■ Data extracts ■
((
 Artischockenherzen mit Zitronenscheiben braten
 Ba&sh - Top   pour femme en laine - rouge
))
((
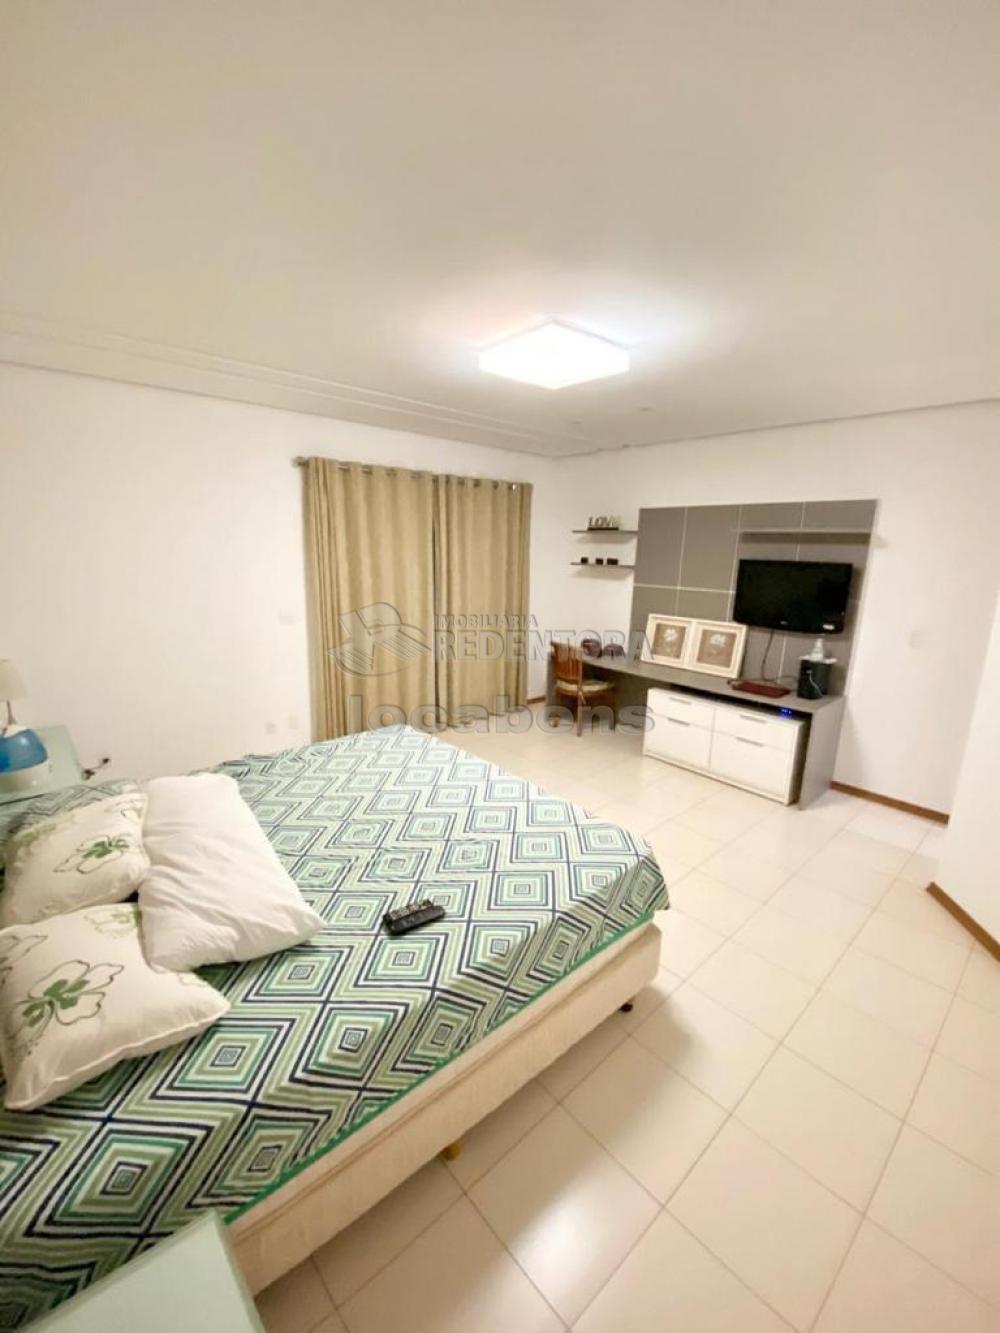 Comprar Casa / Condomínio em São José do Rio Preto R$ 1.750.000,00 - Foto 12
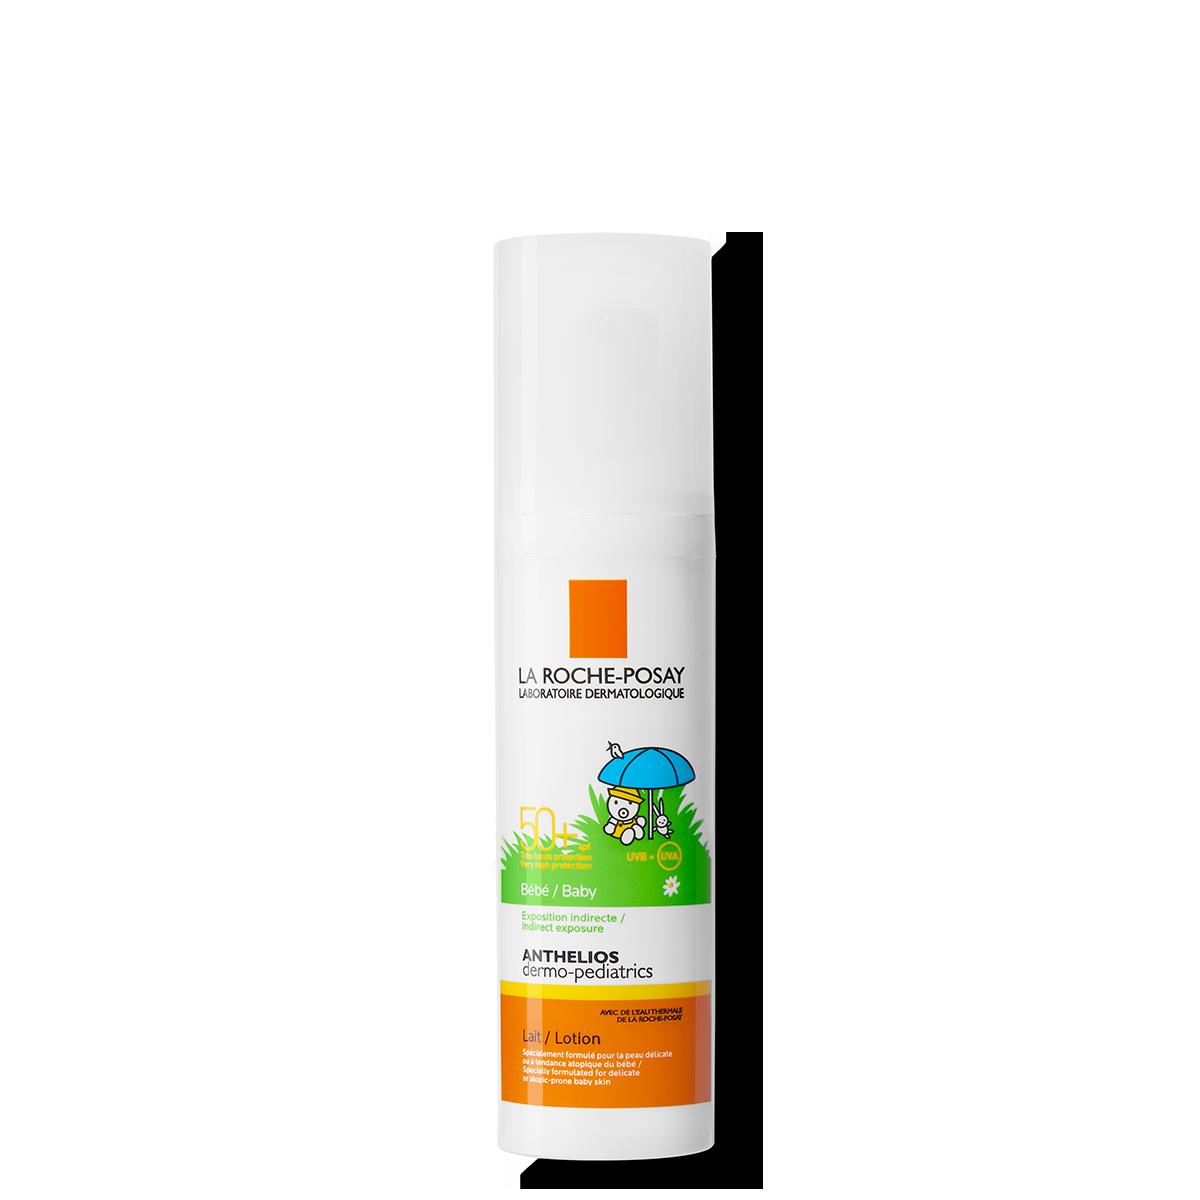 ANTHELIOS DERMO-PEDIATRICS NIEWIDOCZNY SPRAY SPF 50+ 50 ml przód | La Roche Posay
))
((
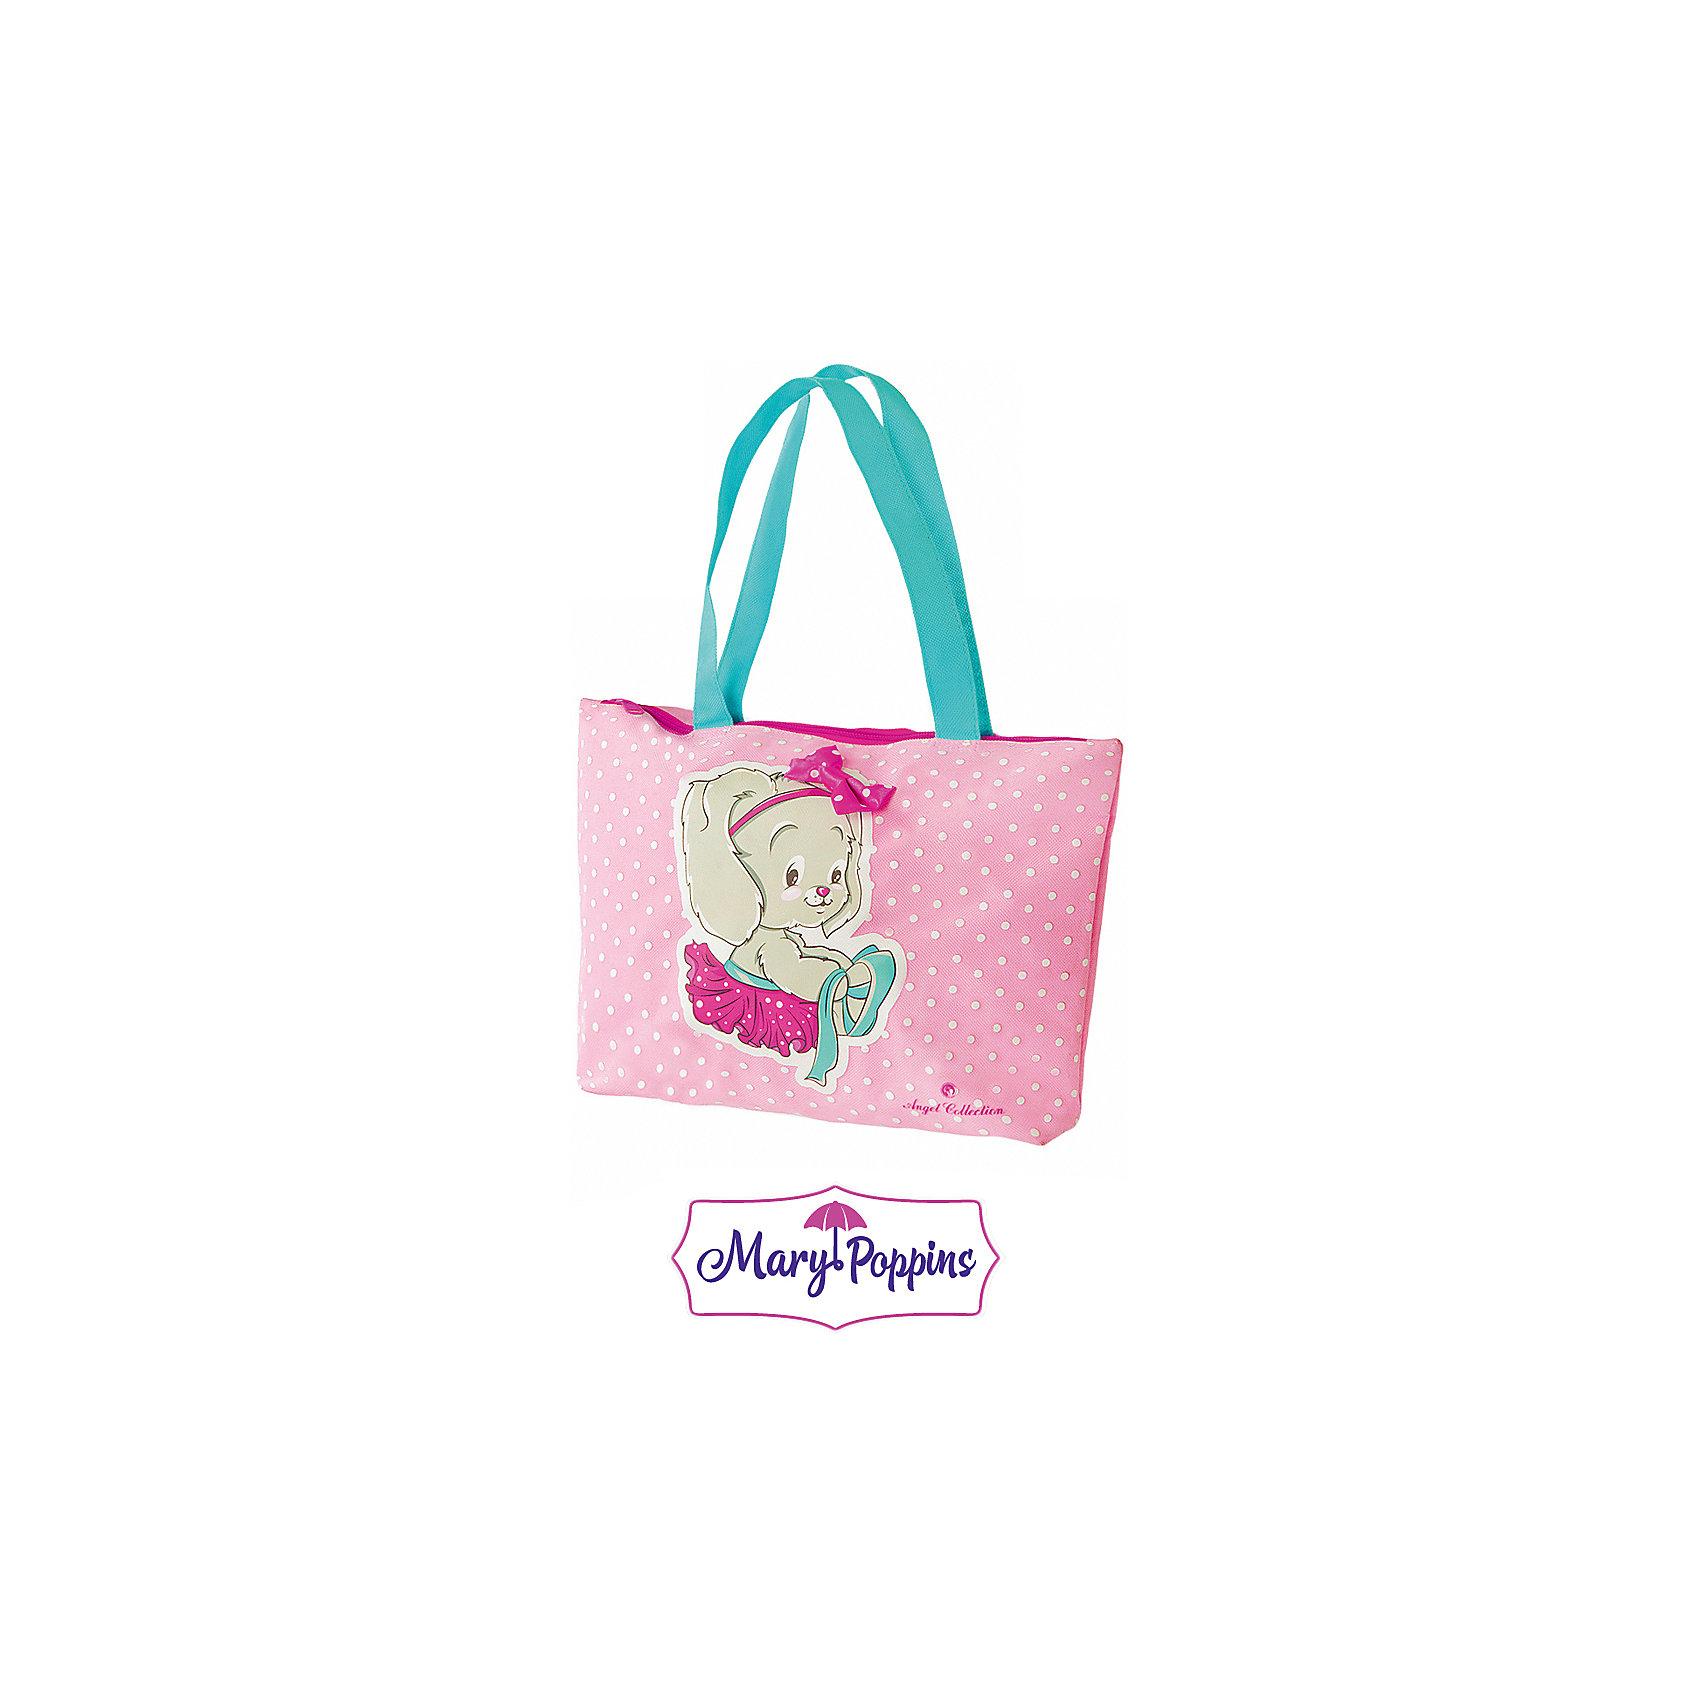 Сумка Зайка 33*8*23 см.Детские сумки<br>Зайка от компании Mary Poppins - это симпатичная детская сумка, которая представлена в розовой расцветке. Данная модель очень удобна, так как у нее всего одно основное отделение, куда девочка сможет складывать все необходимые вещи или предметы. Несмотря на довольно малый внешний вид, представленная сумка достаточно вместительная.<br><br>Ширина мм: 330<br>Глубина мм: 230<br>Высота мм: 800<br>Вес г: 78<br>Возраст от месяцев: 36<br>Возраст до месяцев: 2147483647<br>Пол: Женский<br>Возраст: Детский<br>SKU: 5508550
))
■ Try it ■
Among the entries above, find the line with "Comprar Casa /" and repeat exactly from there through the line with "ANTHELIOS DERMO-PEDIATRICS NIEWIDOCZNY", leaving out the pictures.

■ Written solution ■
 Comprar Casa / Condomínio em São José do Rio Preto R$ 1.750.000,00 - Foto 12
 ANTHELIOS DERMO-PEDIATRICS NIEWIDOCZNY SPRAY SPF 50+ 50 ml przód | La Roche Posay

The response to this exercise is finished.